# Sleeping Arrangement issues



## BARBIElovesSAILOR (Aug 11, 2014)

So, Captain is not a puppy but I wasn't sure where else to post this since it is about his behaviors.

Since I have had him, he won't sleep in my room. We are pretty bonded I think, he is a Velcro dog, and wants to be with me every second of the day. When I go upstairs to bed,he will come up and lay in his bed in my room. When I fall asleep he goes downstairs and sleeps down there. In the morning when he hears me waking up and the sheets rustling because I'm moving around, he will come upstairs and lay back in his bed in my room and pretend like he is sleeping. The only way he will sleep with me all night is if I close the door to my room. 

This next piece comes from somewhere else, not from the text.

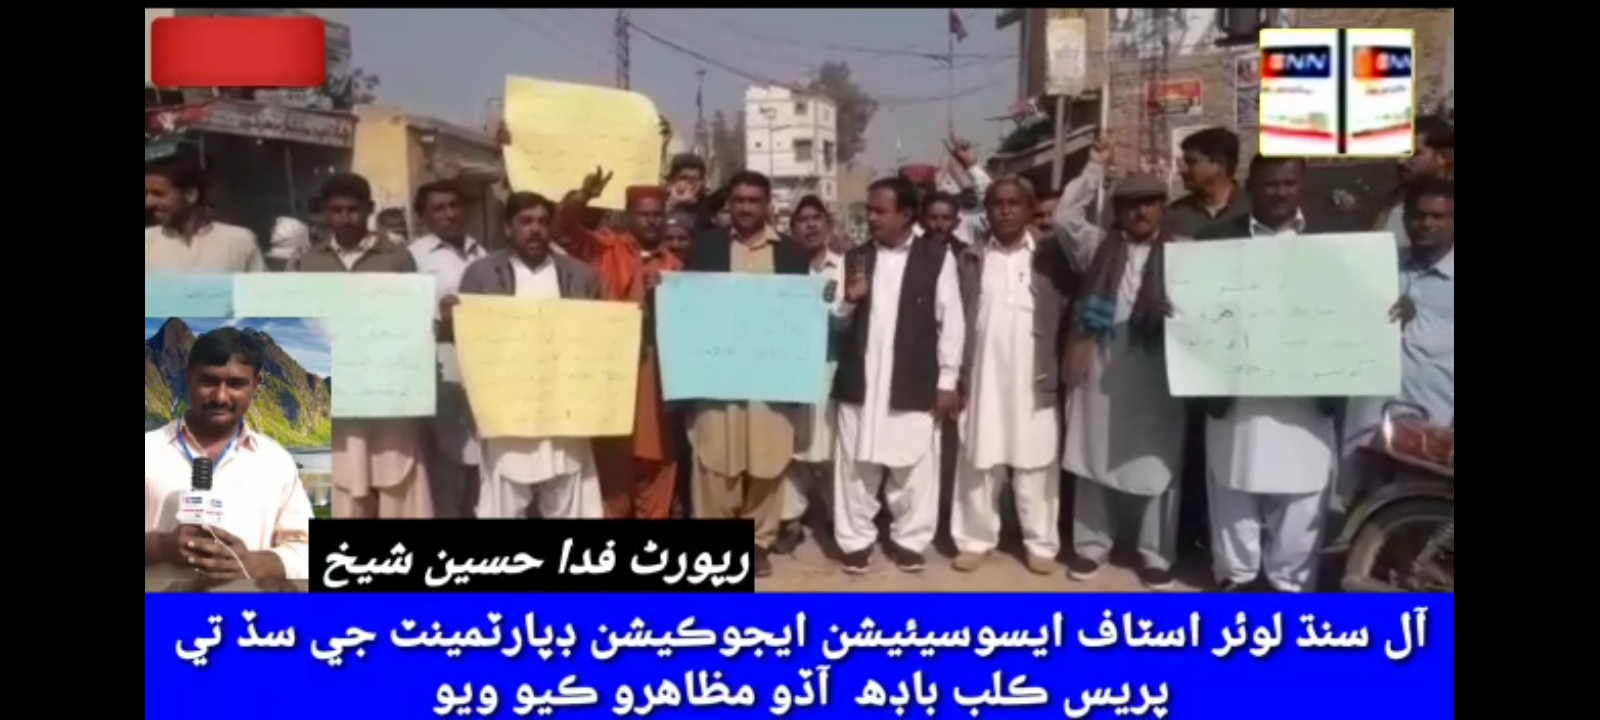 آل سندھ لوئر اسٹاف ایسوسی ایشن  ايجوکيشن ڈپارٹمينٹ  پريس کلب باڈہ  کے سامنے مظاهرہ

I'm used to my dogs sleeping with me in my room all night, so this kind of bugs me. Has anyone else had experience with is or have any idea why he is doing this? He only has a double pillow top memory foam dog bed, pretty much the best dog bed you can buy! And he won't even sleep in it over night. Argh.


----------



## crickets (Dec 19, 2014)

Hi, I don't know if it's unusual or not but my 2 year old does something similar. He starts out in my room, but sometime during the night he goes to the living room and sleeps across the front door. Sometimes he comes back before I get up, sometimes not. I just took it as he was making his rounds.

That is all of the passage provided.